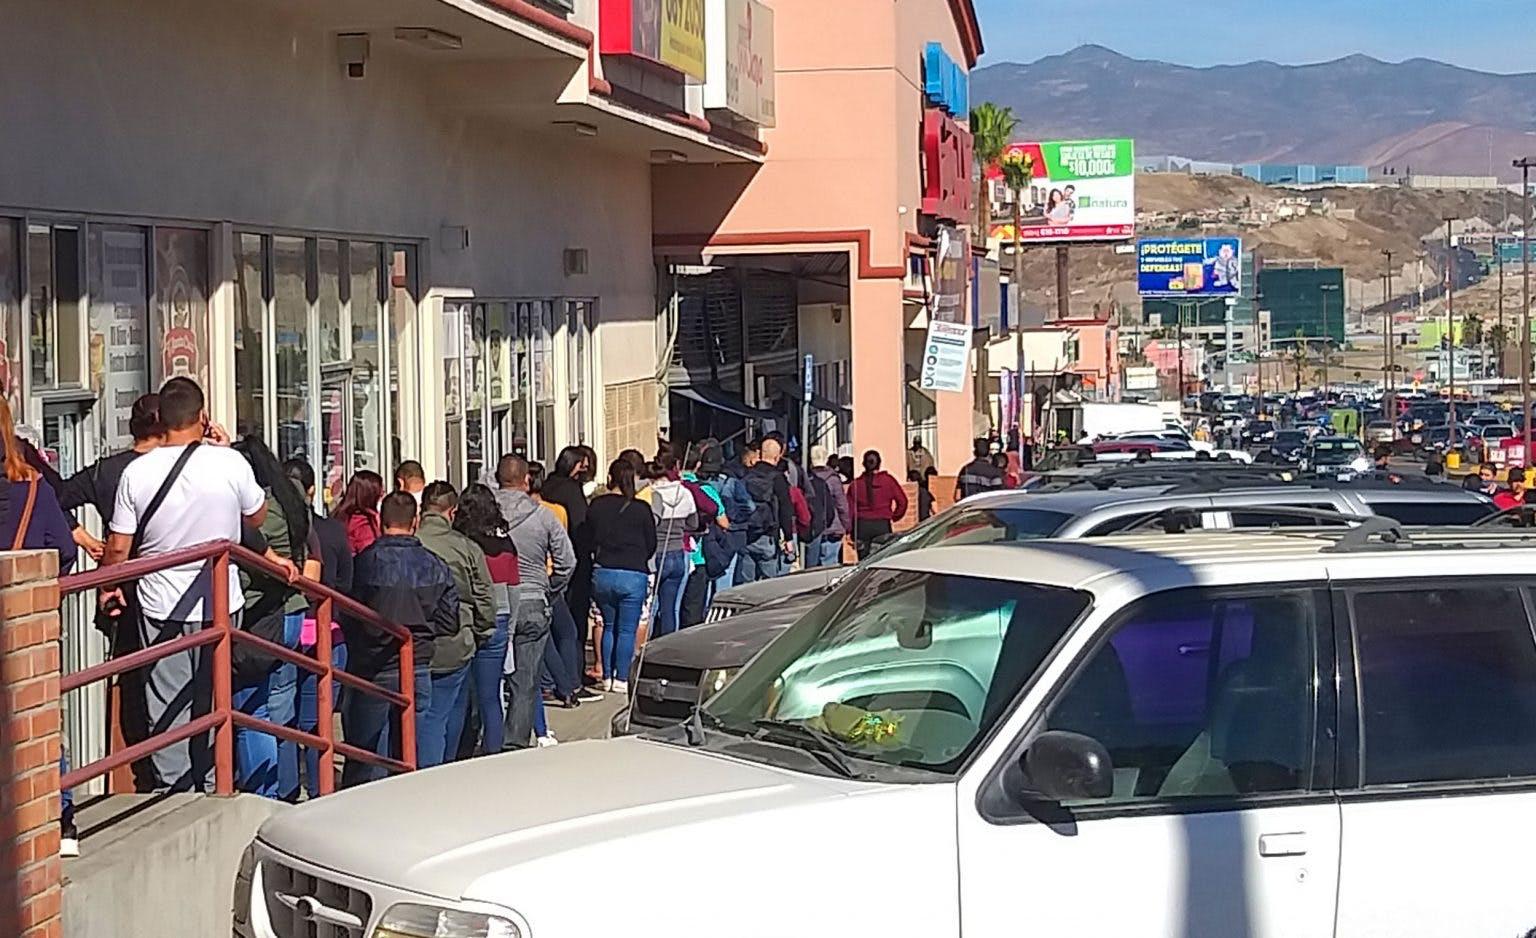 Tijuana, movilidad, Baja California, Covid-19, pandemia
...
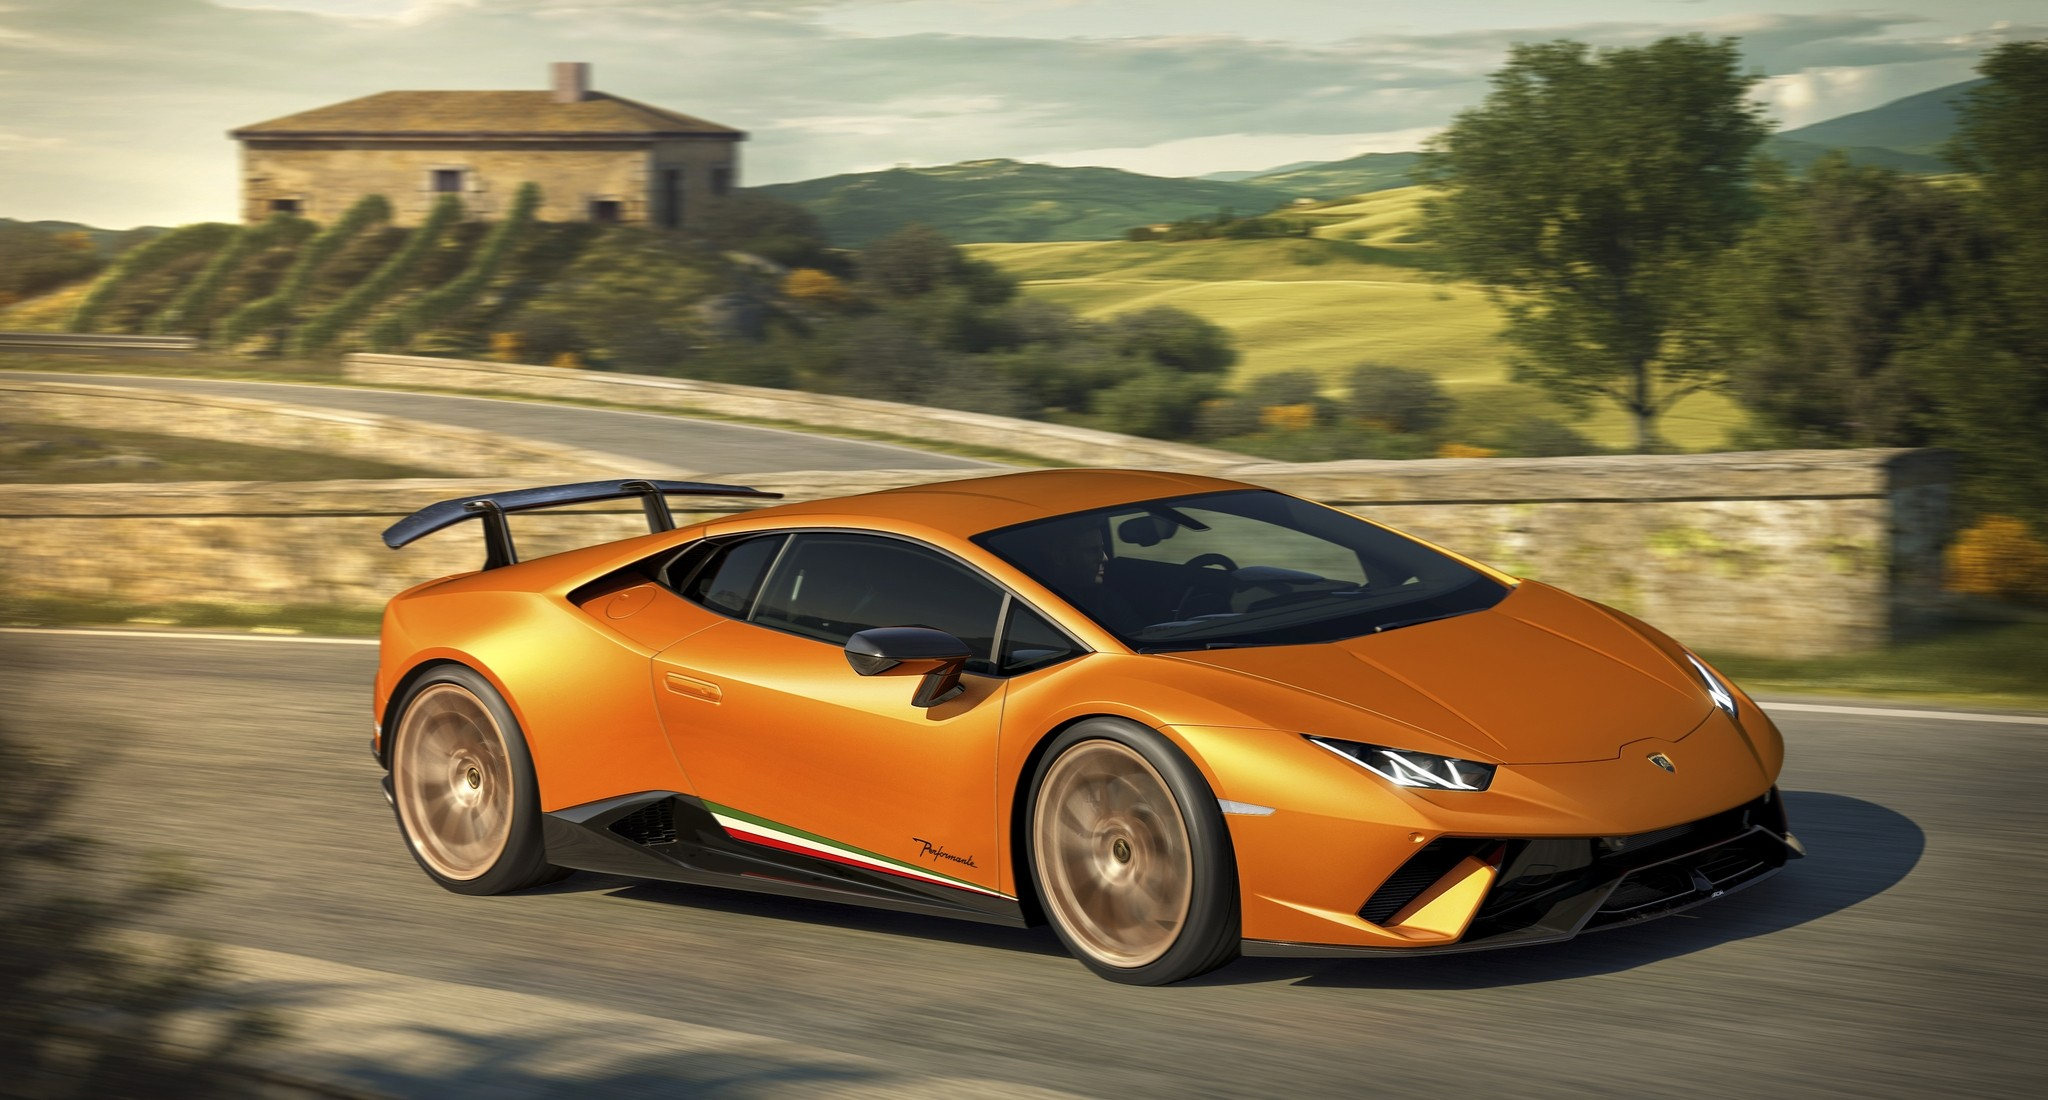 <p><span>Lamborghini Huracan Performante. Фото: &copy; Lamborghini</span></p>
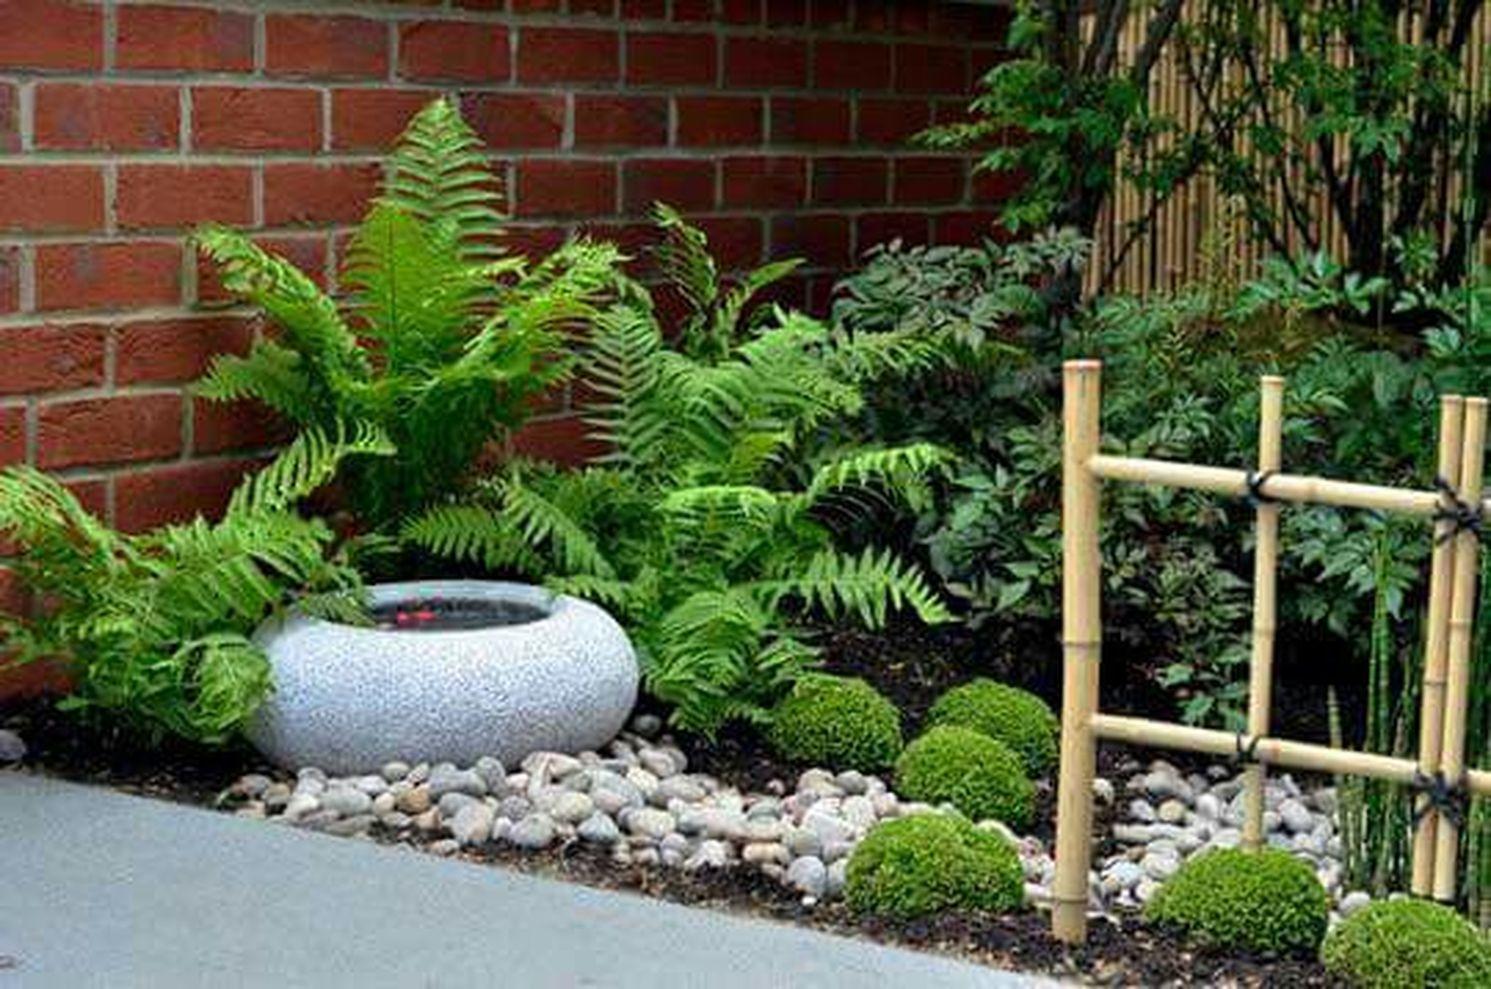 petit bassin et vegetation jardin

§ **Exercise brief**: Leaving all pictures out, output exactly the lines of the material above from the line with "<p><span>Lamborghini Huracan Performante." to the line with "petit bassin et vegetation jardin", both included.

§ **Response area**:
 <p><span>Lamborghini Huracan Performante. Фото: &copy; Lamborghini</span></p>
 petit bassin et vegetation jardin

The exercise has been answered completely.